Oh my, I had no idea that paint and glue were not hard. Thanks for pointing out a totally not obvious fact!
I have heard that very clean metals under high pressure can actually stick together using metalic bonding, which can be a big problem for space probes and such.
Can anyone confirm?
Yes, that is cold welding, which is a similar but slightly different process to the wringing together of materials shown and explained in this video
I dont think the surfaces must be absolutely flat. They just have to fit perfectly so the atoms are as close as possible.
Merto6 For Van der Waals bonding you could use surfaces with macroscopic roughness provided they conform well with eachother. However microscopically they have to be exceediingly smooth because any roughness will result in greater separation between the base surfaces. The attraction between approximately spherical irregularities and the surface they touch is pretty much negligible to surface to surface attraction. As the force drops off with the square of the separation (if what applies to sphere-sphere contacts also applies to surface-sphere contacts) A small increase in roughness results in a large decrease in attraction.
Yes, but it is fairly more practical to make very flat surface, than two custom curves that fit together that accurately as flat ones. So, if you want "wringing" effect, your only practical option is going flat!
How has the drum beat analysis been going, Prof.
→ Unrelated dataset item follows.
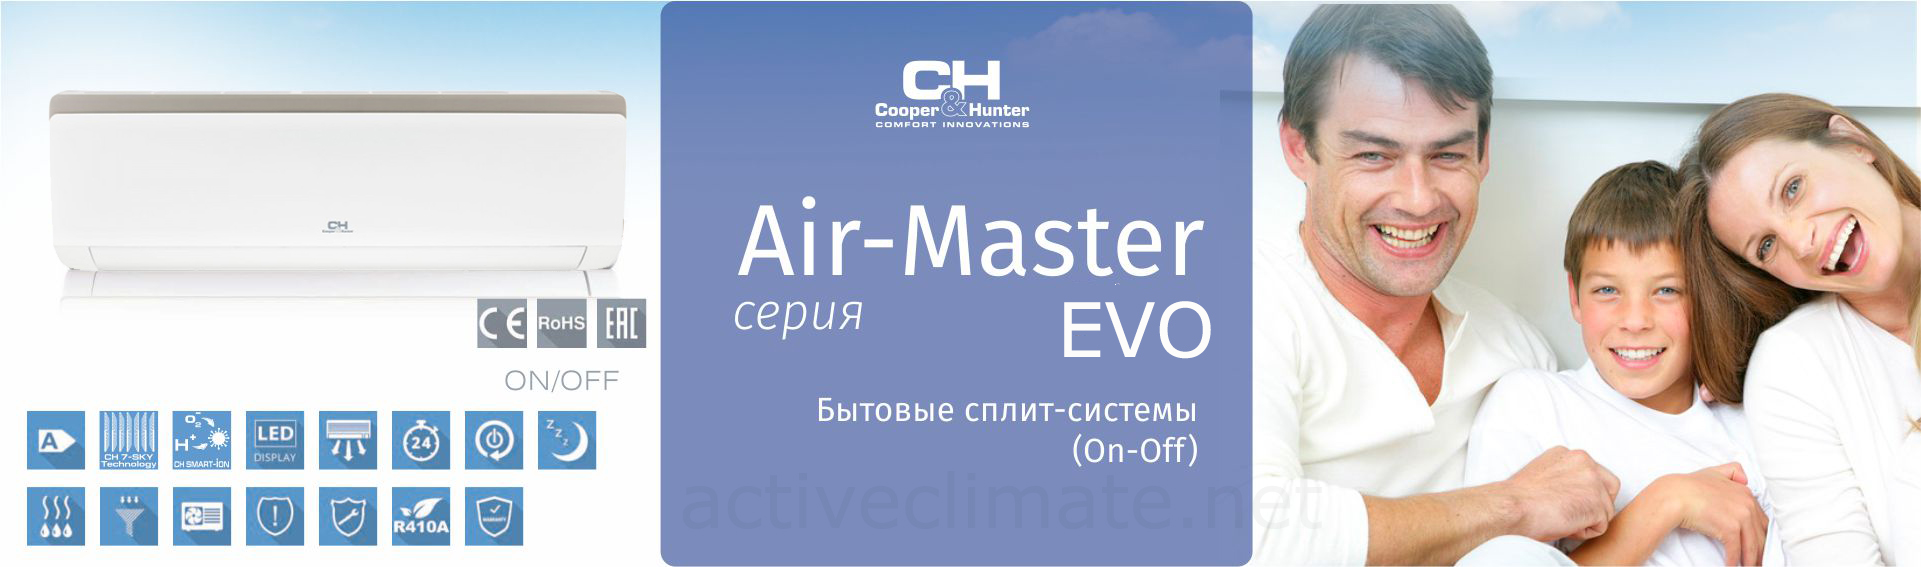 Серия Air Master Evo

Moriarty? Any promising results? :)
I made a video about the cabinet makers air gap which i think is the opposite of this phenomenon. Id like to know what other people think. Are these 2 things related?
I've always wondered how its possible to wring gauge blocks together.
Perfectly clean blocks dont wring the best, we always give em a swipe on the wrist so they have a bit of something to actually seal the surfaces.
I remember the Lennard-Jones approximation to the Van der Waals potential.